Scrub typhus is a potentially life-threatening zoonotic rickettsiosis caused by the intracellular bacterium Orientia tsutsugamushi and transmitted by trombiculid mite larvae [1]. It is endemic in the “Tsutsugamushi Triangle” region bounded by the Russian Far East, Japan, Afghanistan, and Australia.
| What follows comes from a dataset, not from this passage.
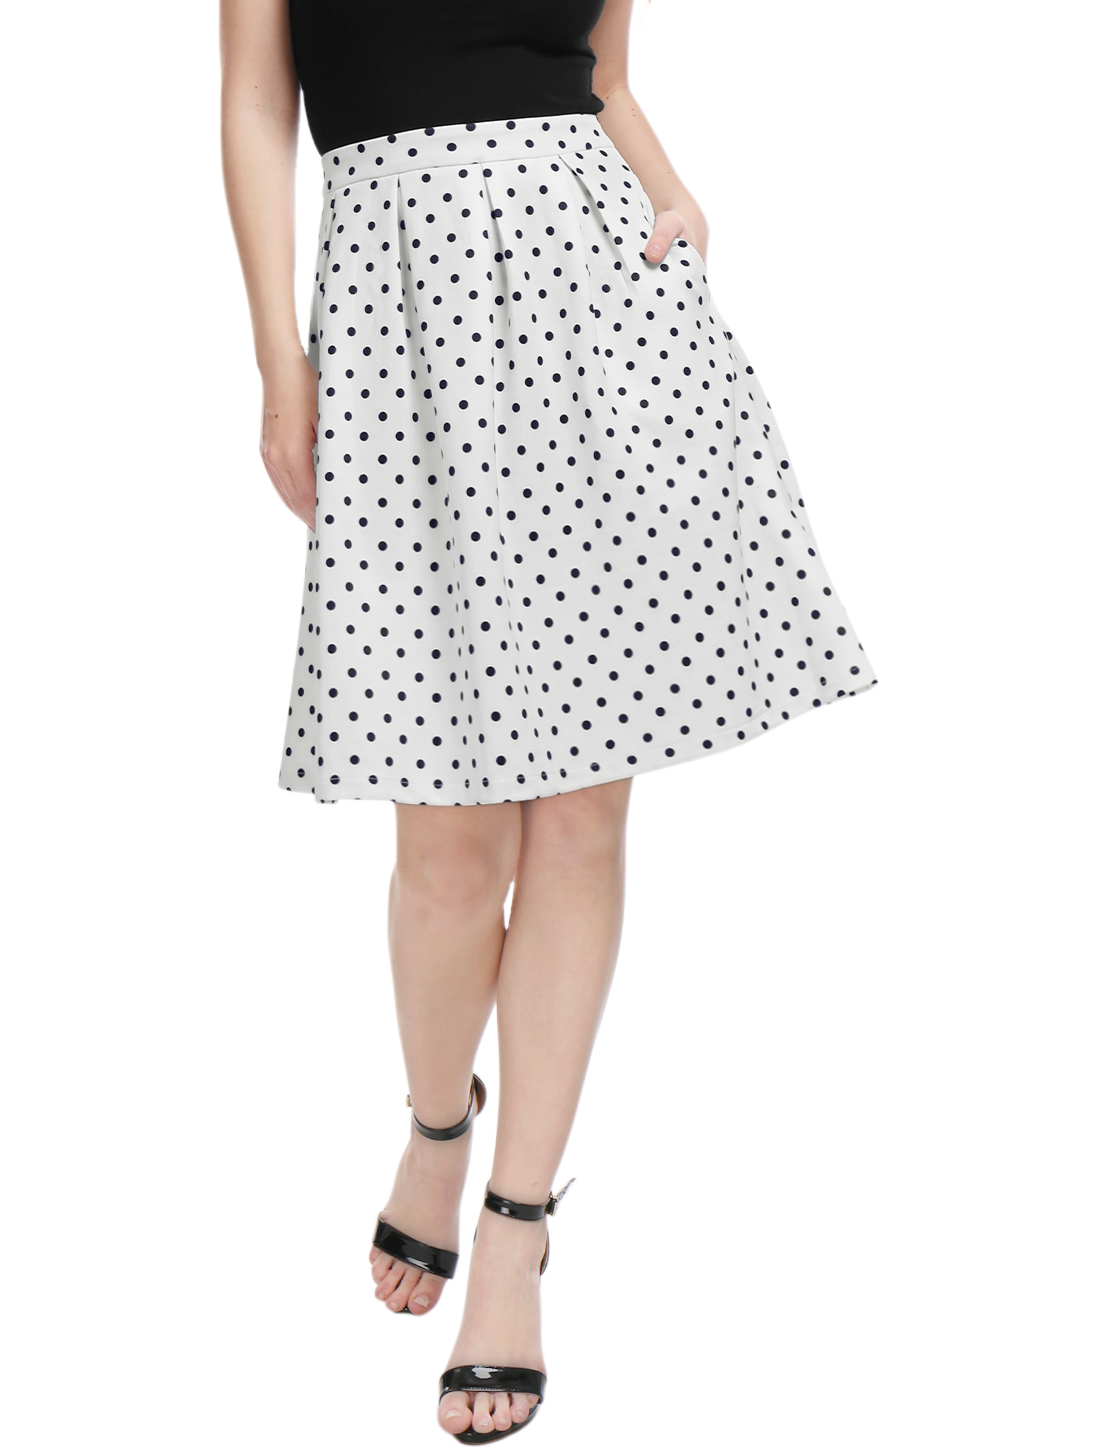 Women-Side-Pockets-Box-Pleated-Polka-Dots-Prints-Full-Skirt

Here, approximately 2 billion people are at risk of infection, approximately 1 million people contract the disease, and 150,000 people die of the disease annually [2,3]. Recently, scrub typhus has been reported outside this region, in Africa and the Middle East, and has been identified as a neglected but reemerging disease [3]. In endemic areas, exposure to high ambient temperature, farming activities, and forests are risk factors for scrub typhus [4]. The proposed pathogenic mechanism is endothelial damage caused by vasculitis, as O. tsutsugamushi proliferates in vascular endothelial cells and macrophages, triggering a release of inflammatory cytokines and causing microvasculitis and perivasculitis [5,6]. Fever, skin rash, and an eschar are the three primary clinical manifestations. Other clinical manifestations include headache, fatigue, gastrointestinal symptoms, myalgia, arthralgia, lymphadenopathy, and hepatosplenomegaly [1]. Of these, the finding of an eschar has high specificity (98.9%) and significant diagnostic value. However, eschars occur only in approximately 55% of cases—although this number varies by reports—and the nonspecific nature of the other clinical manifestations often hinders diagnosis [7]. Severe cases can present with complications such as acute respiratory distress syndrome (ARDS), disseminated intravascular coagulation, septic shock, liver dysfunction, thrombocytopenia, pneumonia, acute kidney injury, myocarditis, and meningoencephalitis [1]. Without appropriate treatment, the case fatality rate in severe cases is 30–70%, and in cases with multiple organ failure, the case fatality rate is 24%, even with appropriate treatment [1,8]. Patients with scrub typhus are often co-infected with other infectious diseases, given its endemic area and seasonality. Furthermore, influenza has resurged since the infection control measures against COVID-19 were relaxed [9]. Herein, we present a case of scrub typhus and influenza A co-infection with an aim to illustrate the difficulties with diagnosis and treatment of scrub typhus and influenza co-infections.

2. Case Report

A 74-year-old woman presented with the primary complaint of fever, sore throat, and cough. She had a history of chronic heart failure, hypertension, and dyslipidemia. She did not drink alcohol or smoke, lived in the forest area of the southeastern Shiga Prefecture in Japan, and worked on the farm adjacent to her house.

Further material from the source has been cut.